Polish insurance company

Powszechny Zakład Ubezpieczeń Spółka Akcyjna, also known as PZU SA (Polish pronunciation: ) (meaning: General Insurance Institution) is a publicly traded insurance company, a component of the WIG30 stock market index and Poland's biggest and oldest insurance company. PZU is headquartered in Warsaw and is the largest financial institution in Poland. It is also the largest insurance company in Central and Eastern Europe.

PZU Group offers a selection of nearly 200 insurance products on the Polish market. The activities of PZU group encompass a comprehensive range of insurance and financial services. The Group entities provide services in the areas of non-life insurance, personal and life insurance, investment funds and open pension fund.

==History==

=== Foundation ===
The company's origin dates back to 1803 when the first insurance company in Poland was established. In the years 1927-1952 the company operated under the name Powszechny Zakład Ubezpieczeń Wzajemnych. From 1952 to 1990 it was operated as a state-owned monopoly under the name Państwowy Zakład Ubezpieczeń (State Insurance Company) and effectively became the largest insurance company in the country.

In 1991 PZU was turned into a joint stock company controlled by the State Treasury as a consequence of the political transformation after 1989.

In December 1991, the PZU Życie joint stock company was founded by Polski Bank Rozwoju and Bank Handlowy in Warsaw. PZU transferred its portfolio of life insurance contracts to PZU Życie.

In 1998, in relation with the reform of the pension insurance system in Poland, PZU Życie formed PTE PZU, a joint stock company, which operates the OFE PZU (Open Pension Fund).

On 5 November 1999, a share purchase agreement was concluded under which Eureko and BIG Bank Gdański acquired 20% and 10% respectively of the share capital of PZU. A dispute arose in connection with the implementation of the agreement, which was settled amicably in October 2009. Settlement and sale agreements were concluded between the parties.

=== In the 21st century ===
In 2002, the PZU Group started its activities on the Lithuanian insurance market by acquiring shares in UAB DK “Lindra” (PZU Lietuva).
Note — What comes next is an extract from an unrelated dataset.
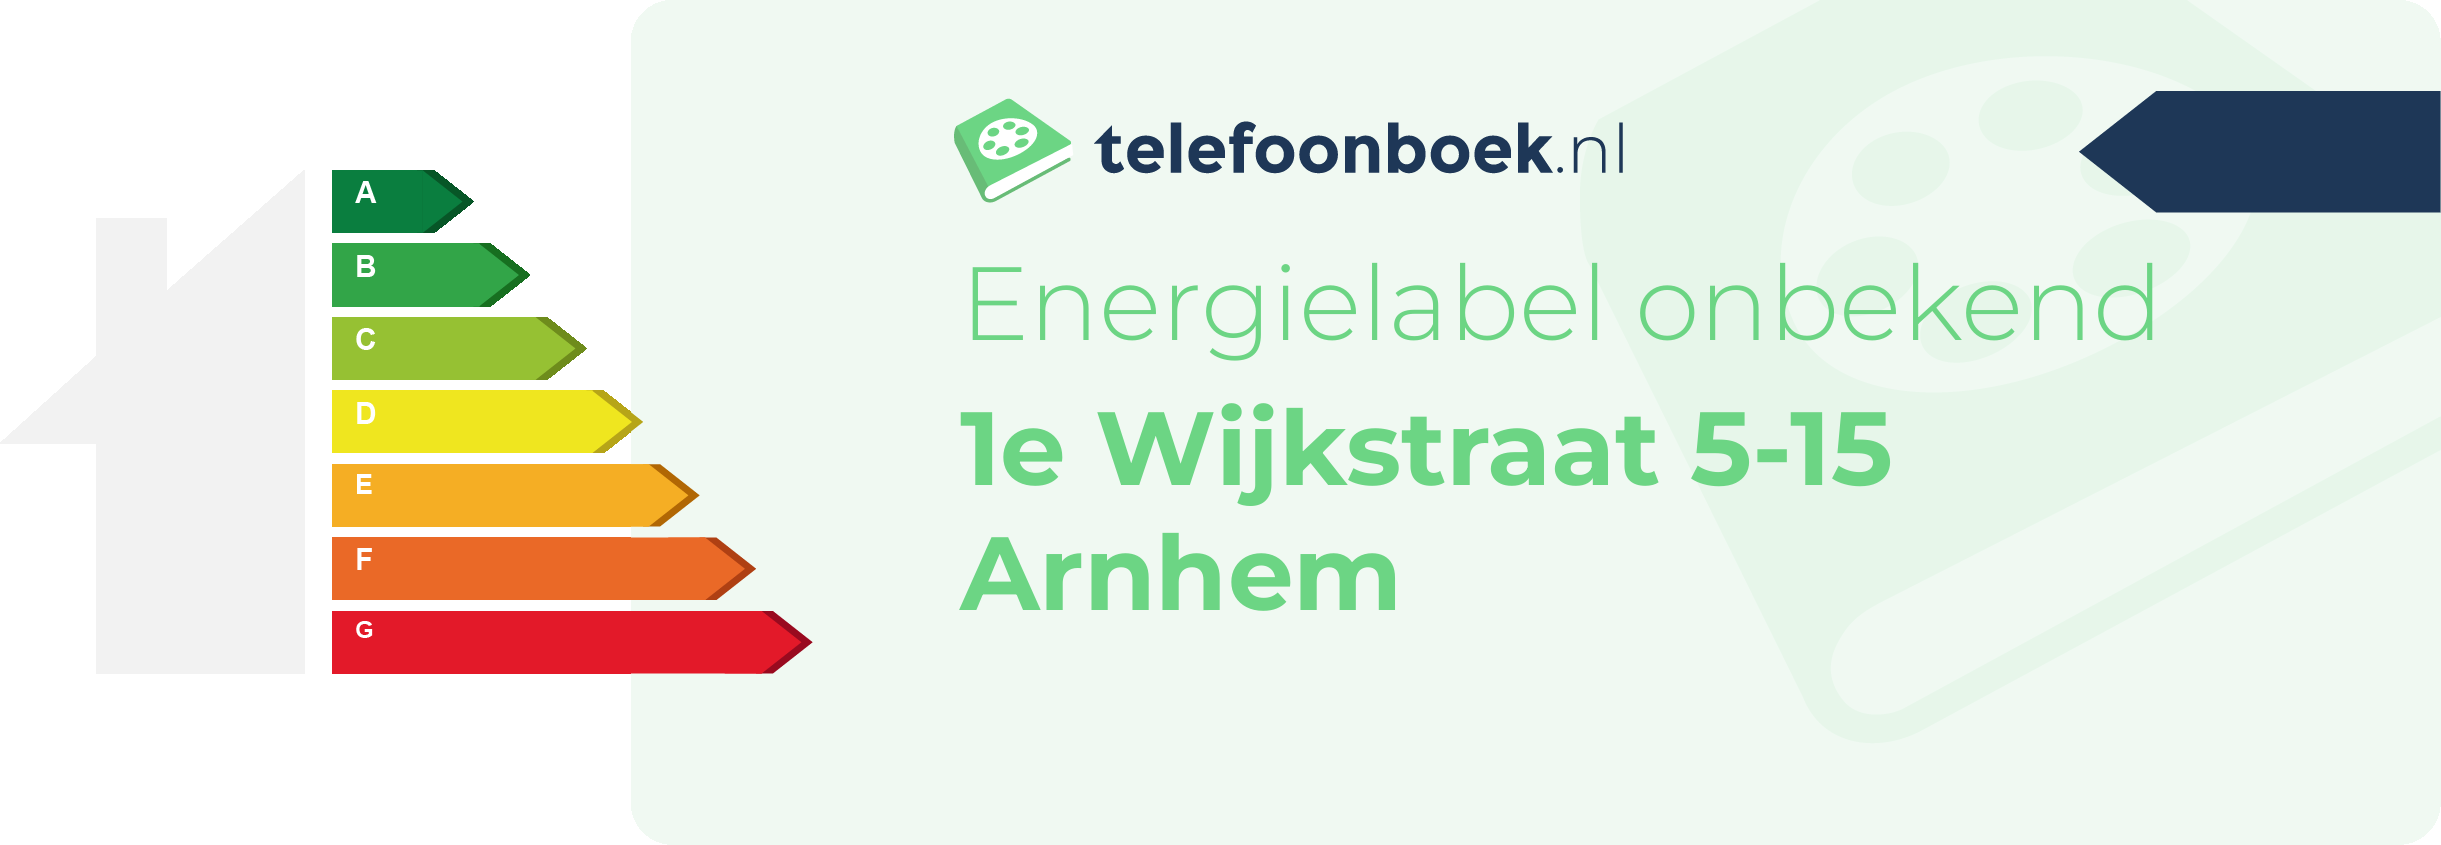 Energielabel 1e Wijkstraat 5-15 Arnhem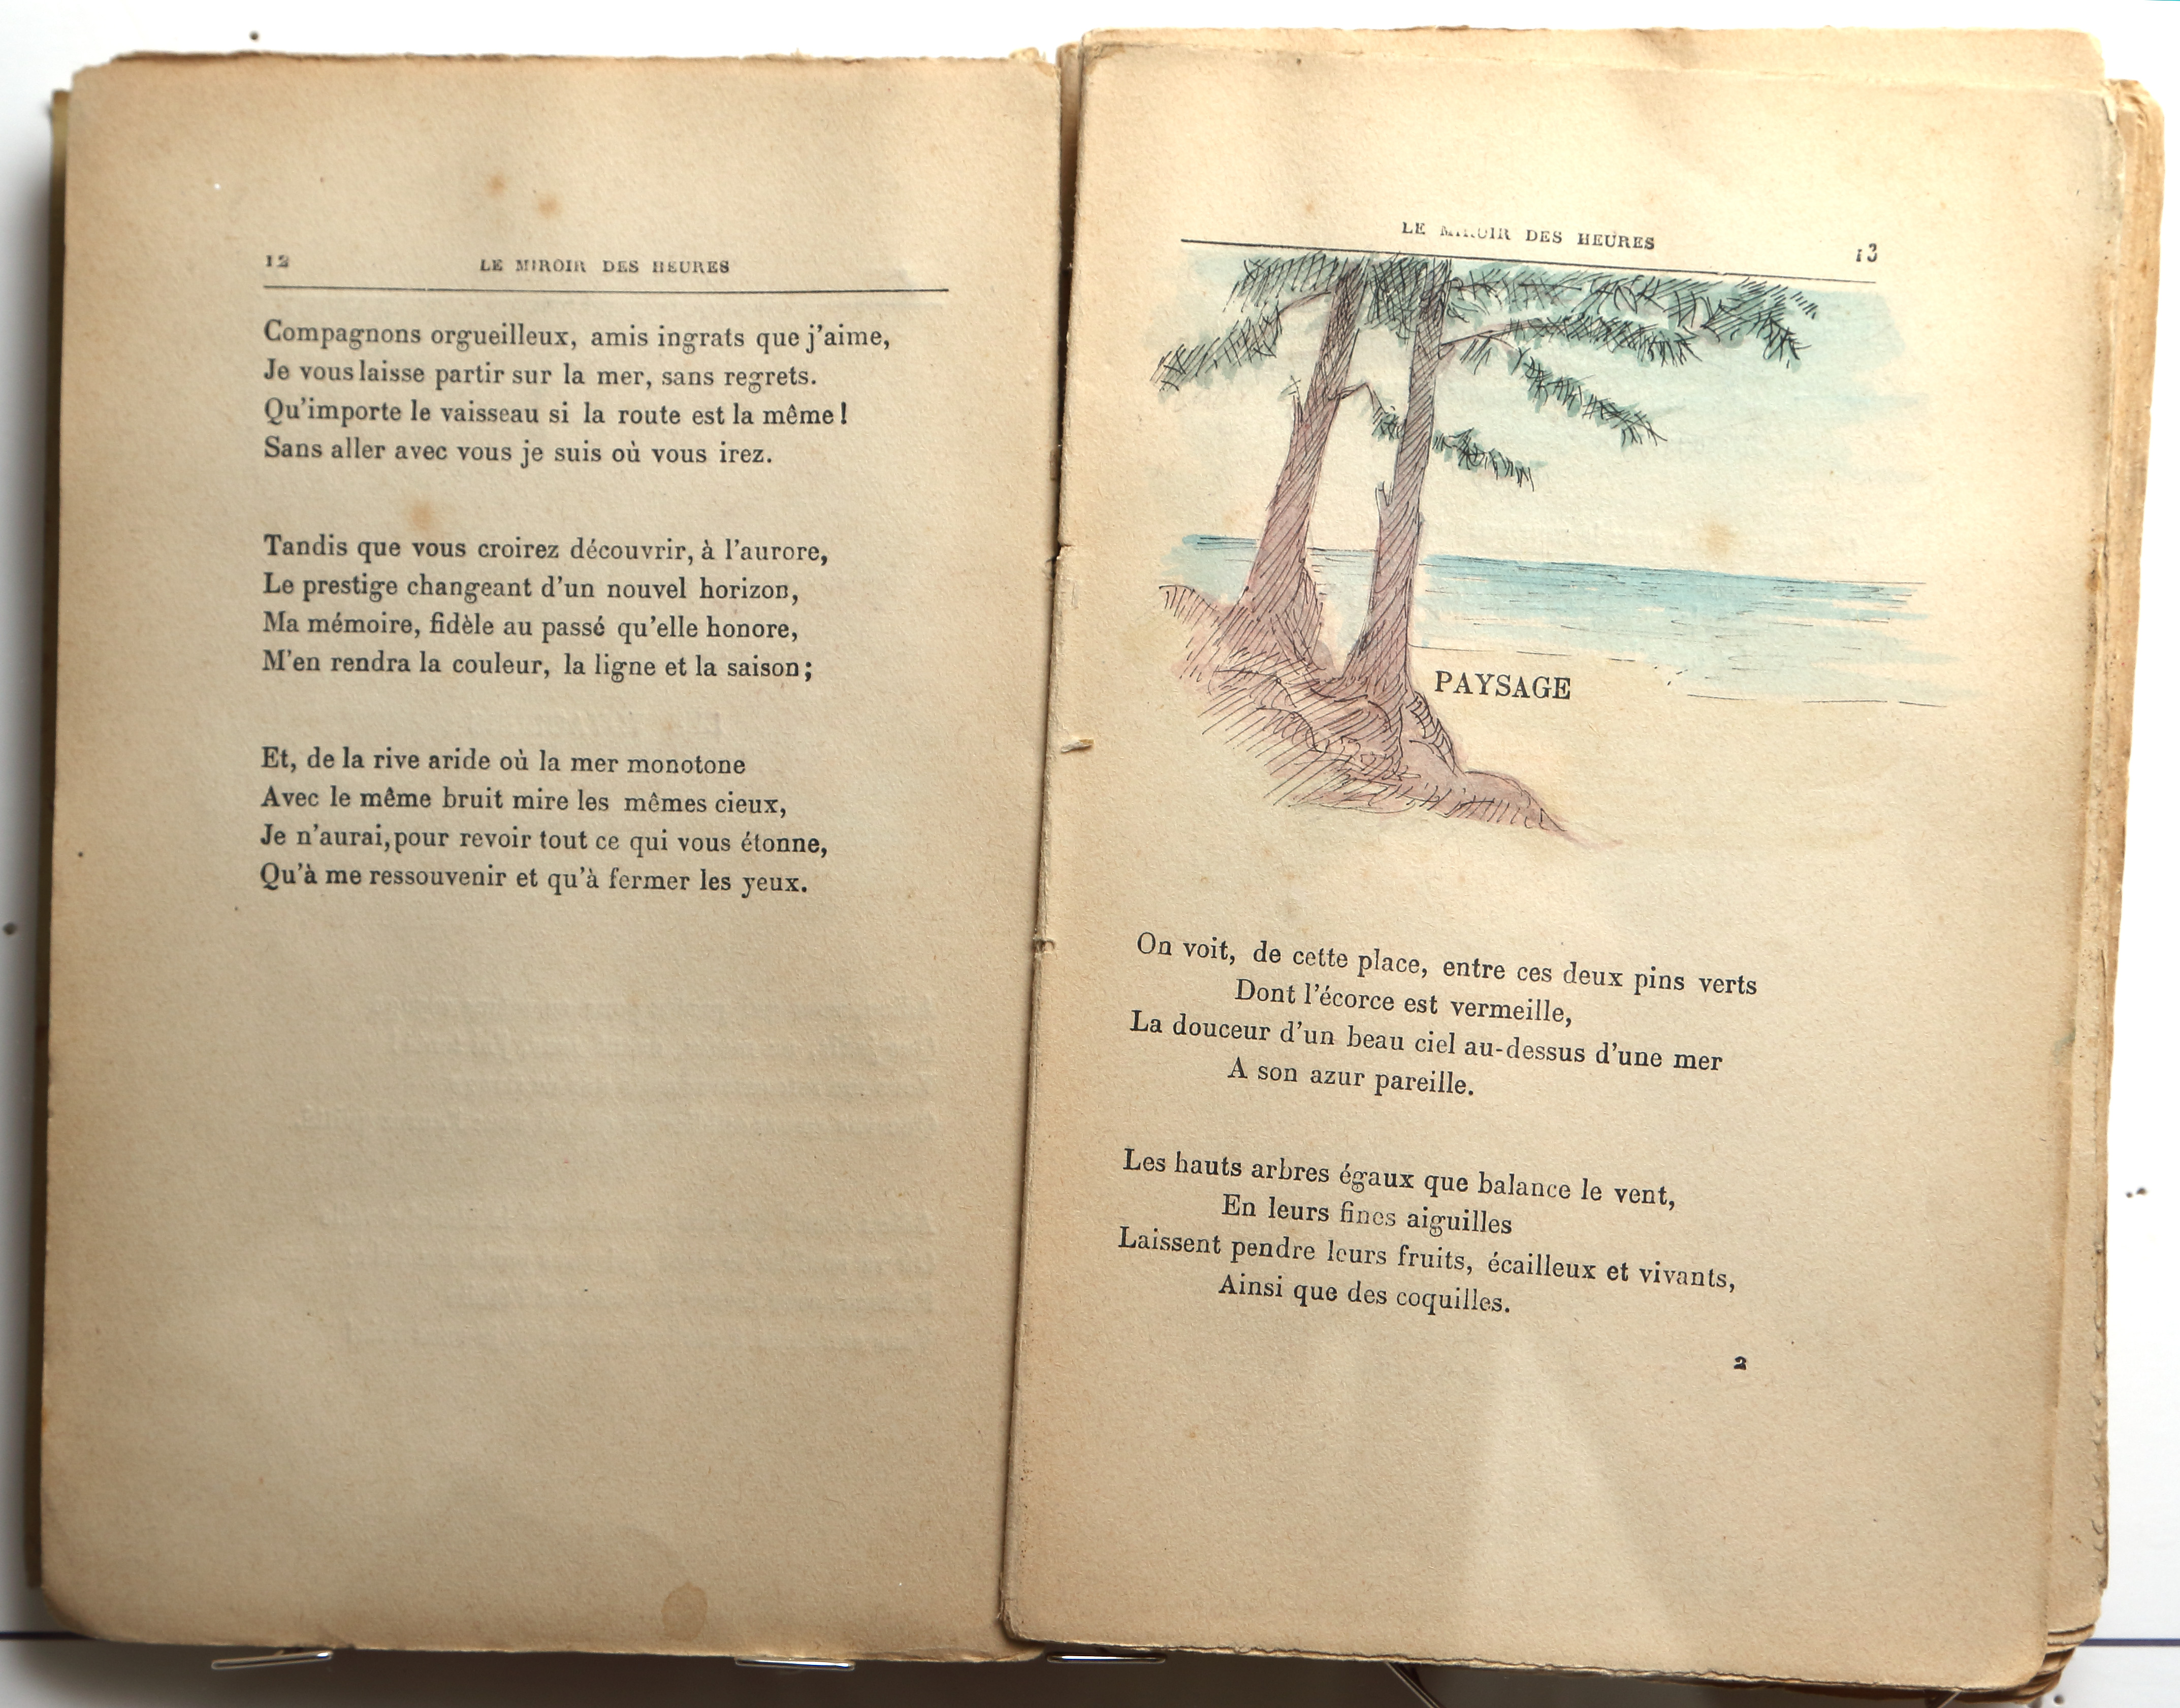 Pages 12–13.  Le Miroir des Heures, illustrations.  Jean Charlot.

With the acquisition in OAO “Skide West” (PZU Ukraina) in 2005, it began operations on the Ukrainian market again.

In the first half of 2008 PZU Group received 11,882.5 million Polish zloty in insurance premiums. This is an increase of 50.6% over the same period in 2007.

PZU was first quoted on the Warsaw Stock Exchange in May 2010.

In 2010 PZU was fined three times by the Polish Financial Supervision Authority for a total of 330,000 PLN.

In 2011, the company received the Jakość Obsługi 2011 Award (Quality of Service Award) and was among the three top insurance companies in the country alongside Allianz and Ergo Hestia.

In March 2014, it was revealed that PZU and Vienna Insurance Group were in the race to acquire rival Lietuvos Draudimas for around $147 million. In 2015 PZU acquired the direct insurer LINK4 in Poland and launched the PZU Zdrowie brand. In the same year, PZU acquired the Baltic businesses of the British RSA Insurance Group for some €360 million. This deal enabled the company to take control of Lithuania’s biggest insurer, Lietuvos Draudimas, Latvian rival AAS Balta, an Estonian unit of RSA’s Danish insurer Codan Forsikring.

In 2015, the transaction to acquire a 25.19% stake in the share capital of Alior Bank SA was completed. The next step was the transaction carried out by Alior Bank to acquire a separate part of Bank BPH, including the core business.

Currently, the PZU SA Group holds 31.94% of shares of the Alior Bank. In December 2016, PZU together with Polish Development Fund acquired Bank Pekao, Poland's second largest bank previously owned by UniCredit, by buying a 32.8 per cent stake in the bank for the amount of PLN 10.6 billion (EUR 2.6 billion).

In 2020, PZU became the first Polish insurer to use artificial intelligence technology developed by Tractable in order to enhance how it reviews its car insurance claims across the country.

In February 2022, in the wake of the Russian invasion of Ukraine, PZU initiated a special programme for Ukrainian citizens who have crossed the Polish border and did not have the mandatory automobile insurance. The company decided to contribute the auto insurance premiums for Ukrainian citizens for a 30-day period.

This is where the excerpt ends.